Колин поначалу как будто не расслышал, однако, повернувшись, увидел, что Мадж в упор глядит на него. Коала прищурился, оторвался от своего занятия и спросил:

– Ты что-то сказал?

– Сказал, сказал, лопоухий. Ну-ка, признавайся, о чем ты толковал?

– Когда? – удивился Колин.

– Эй, вы, задиры, – проговорила Дормас, высовывая голову из-под одеяла, – если вам невтерпеж, идите в лес и орите там в свое удовольствие. Не мешайте спать!

– Смотри не проспи все на свете, мешок с костями!

Сна у Дормас как не бывало. Лошачиха вскочила и огляделась по сторонам.

– Кто это сказал? Ну-ка, покажись, умник!

Мадж и Колин были слишком заняты выяснением собственных отношений, чтобы обратить внимание на вопрос Дормас.

– Если тебе не нравится наша компания, – прорычал выдр, – вали на все четыре стороны. Обойдемся и без тебя. Эка невидаль – гадальщик на рухляди!

– Между прочим, у меня такое впечатление, что если кто-то из нас и вправду лишний, так это ты, паршивая водяная крыса!

– Неужели? – Мадж потянулся за ножом.

– Погоди, друг. – Раздражение Колина сменилось искренним удивлением.

– Еще чего! Я научу тебя, как надо себя вести!..

– Да погоди ты! – прикрикнул Колин. – Я ничего не говорил.
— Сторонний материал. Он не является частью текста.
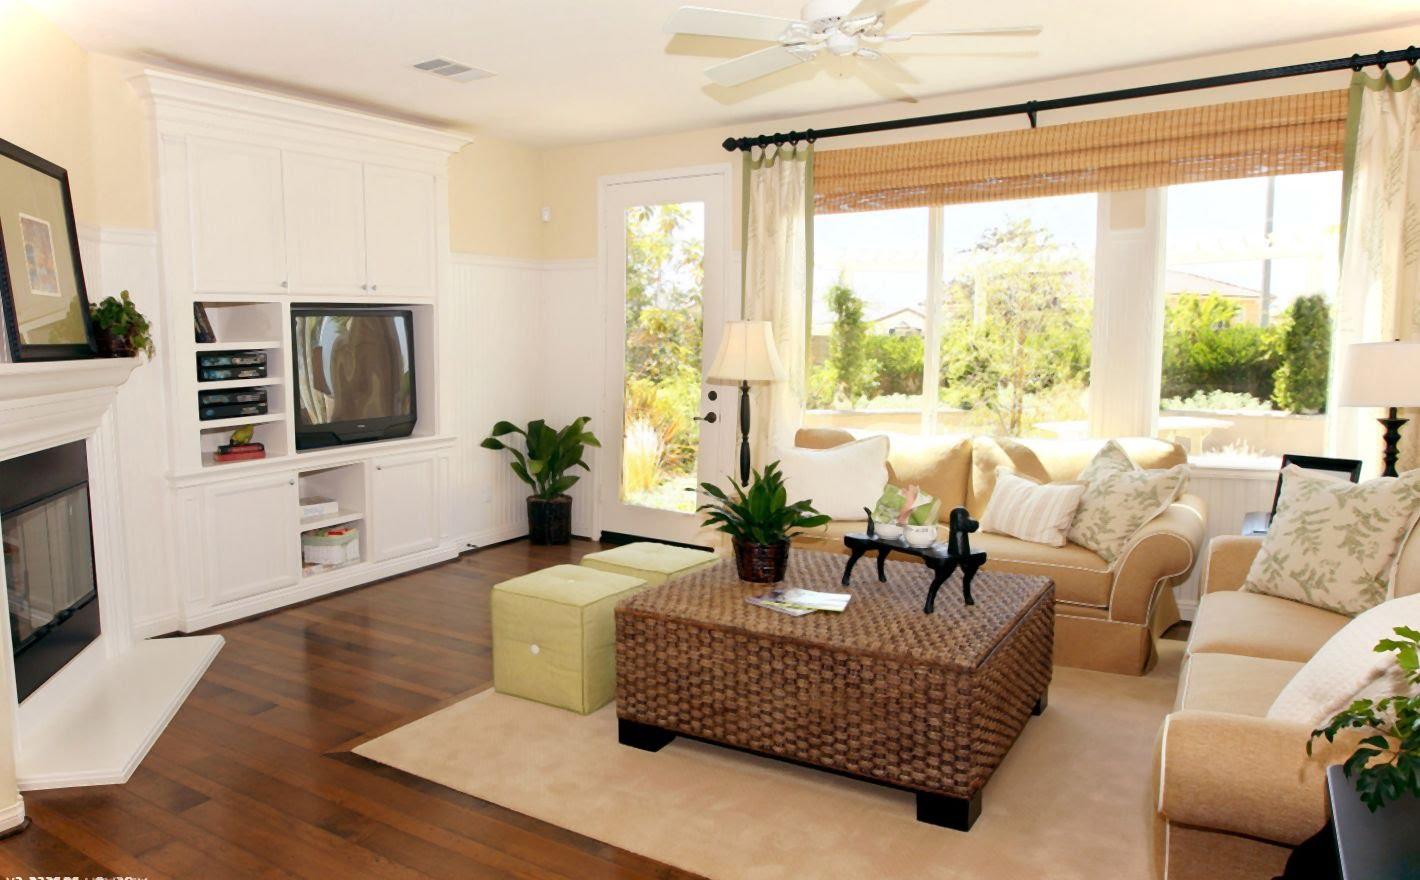 Luxury Simple Home Decor Ideas I Simple Creative Home Decorating Ideas - YouTube simple home decoration ideas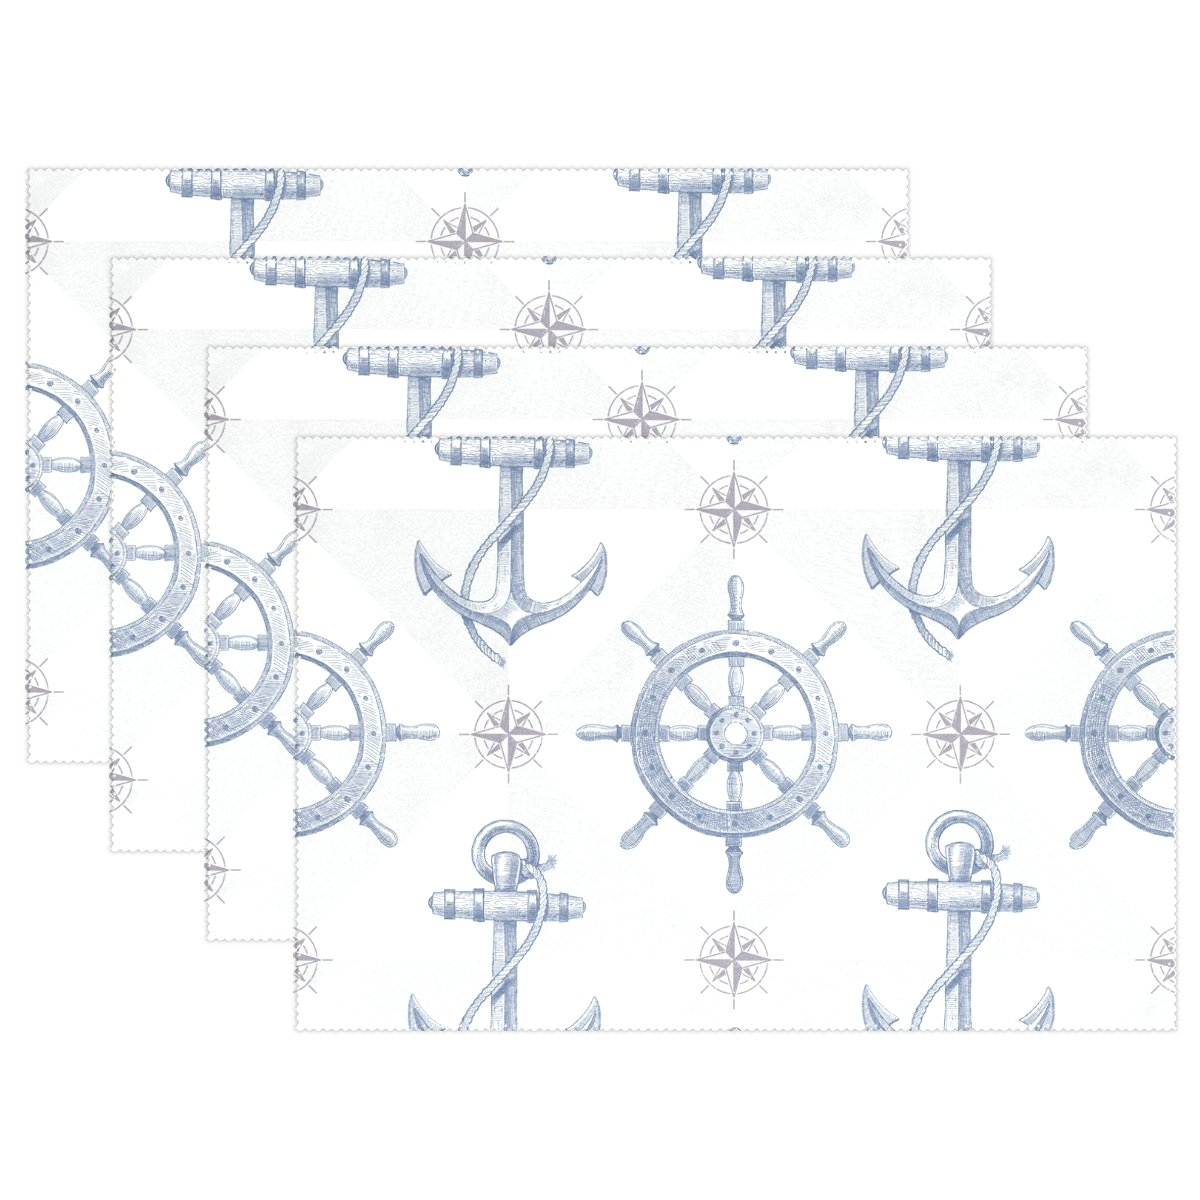 Nautical background with hand draw印刷、プレースマットalirea耐熱プレースマット汚れ防止滑り防止洗濯可能ポリエステルテーブルマット非スリップ洗濯可能プレースマット、12

– Медведь не обманывает. – Спорщики обернулись и увидели Клотагорба, который, казалось, высматривал что-то в воздухе. – Хватит пререкаться. У нас новые неприятности. Просыпайтесь, просыпайтесь!

– А? – произнес сонным голосом Джон-Том. – Что стряслось?

– Вставай, Джон-Том.

– И так всегда? – спросил Колин у своего недавнего противника, разглядывая юношу.

– Почти, – признал со вздохом Мадж. – Знаешь, он иногда пригождается, ну, как вчера, но лентяй страшный. Хлебом не корми, дай тока подремать.

– Мадж, я все слышу, – заметил Джон-Том, натягивая рубашку. – Уж кто бы говорил насчет лентяя!

– Замолчите! – велел Клотагорб, повернулся и направился к дереву, на ветке которого нес дежурство бдительный Сорбл. – Ты никого не видел?

– Нет, хозяин, но я что-то почувствовал. Я хотел вас разбудить, но потом решил, что не к спеху, благо дело все равно шло к рассвету.

– Молодец, – похвалил филина Клотагорб. – Мои наставления все же не прошли для тебя даром. Ты научился подозрительности.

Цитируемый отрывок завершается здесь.